Quanto ao romance inserido na trama, não há profundidade suficiente. O personagem Leo (Tom Hughes), alemão corajoso e totalmente engajado na causa contra os ingleses, é visto mais como uma muleta do roteiro para entregar a parcela de drama na vida de Joan e, principalmente, ser a maior causa de conflito da jovem entre se tornar ou não uma espiã da KGB. A intensidade e a paixão entre ambos não convencem nem por um momento, mesmo que o casal se relacione ao longo de muitos anos. O que pode ser chamado de maior twist, aliás, é citado de modo tão apressado que se importar de verdade com o rumo daqueles personagens se torna algo realmente difícil. Há algumas pontas soltas que não são capazes de nos deixar intrigados – pelo contrário, só deixam a história com mais lacunas.
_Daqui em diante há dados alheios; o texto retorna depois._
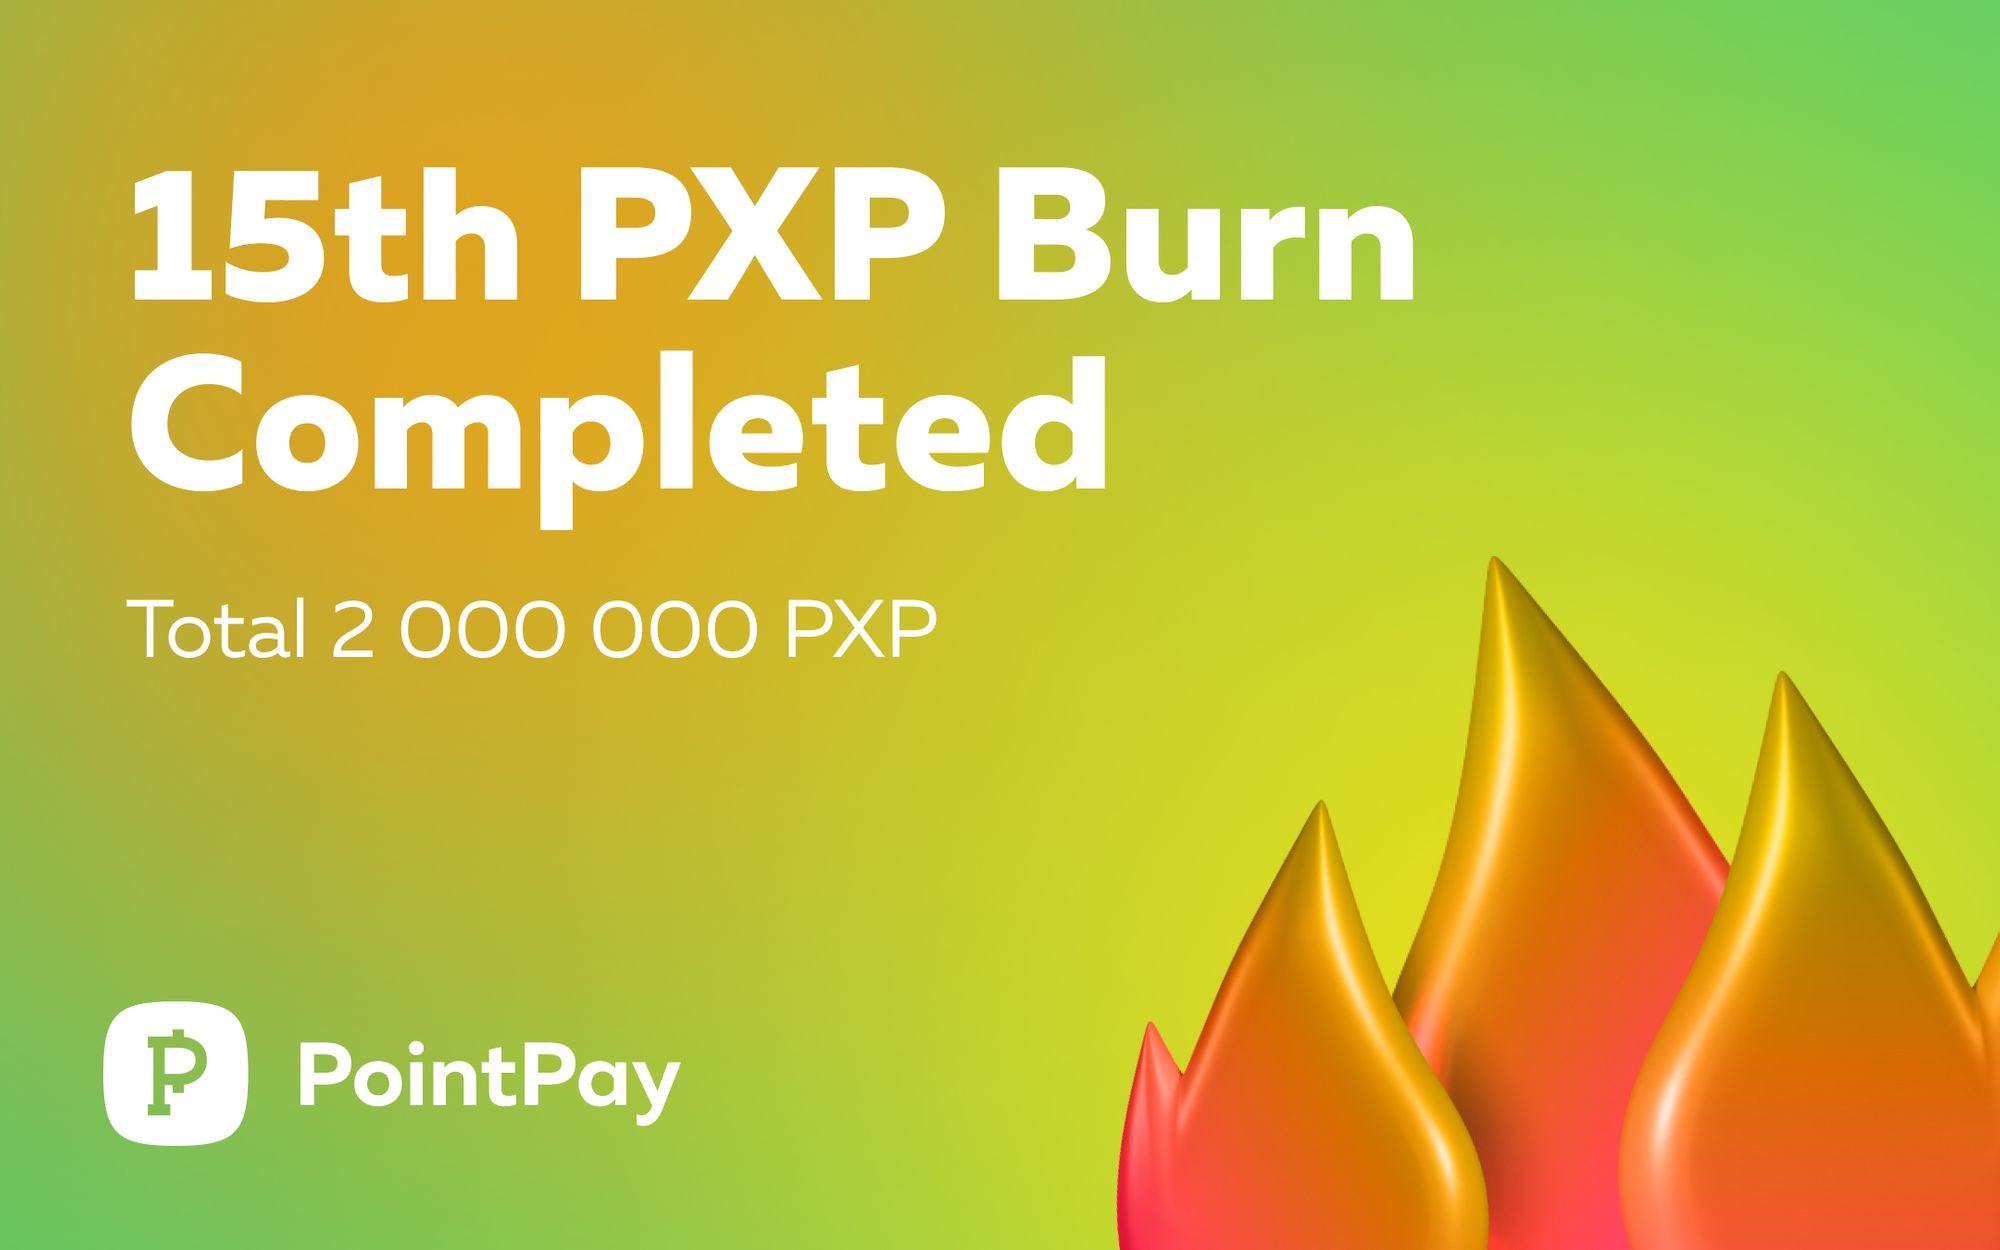 15th PXP Burn Completed

Com o protagonismo de alguém que foi capaz de mudar o rumo de pesquisas e projetos secretos na Segunda Guerra, A Espiã Vermelha possuía potencial de sobra para retratar um cenário repleto de dilemas morais e questionamentos internos perante ao governo. Contudo, o filme não se beneficia disso e resume-se a mostrar mais o glamour exposto no figurino e nas belas locações do que propriamente ser tão arriscado e inventivo quanto a mente feminina que acompanhou de perto planos confidenciais e seguiu seu ideal por tantos anos.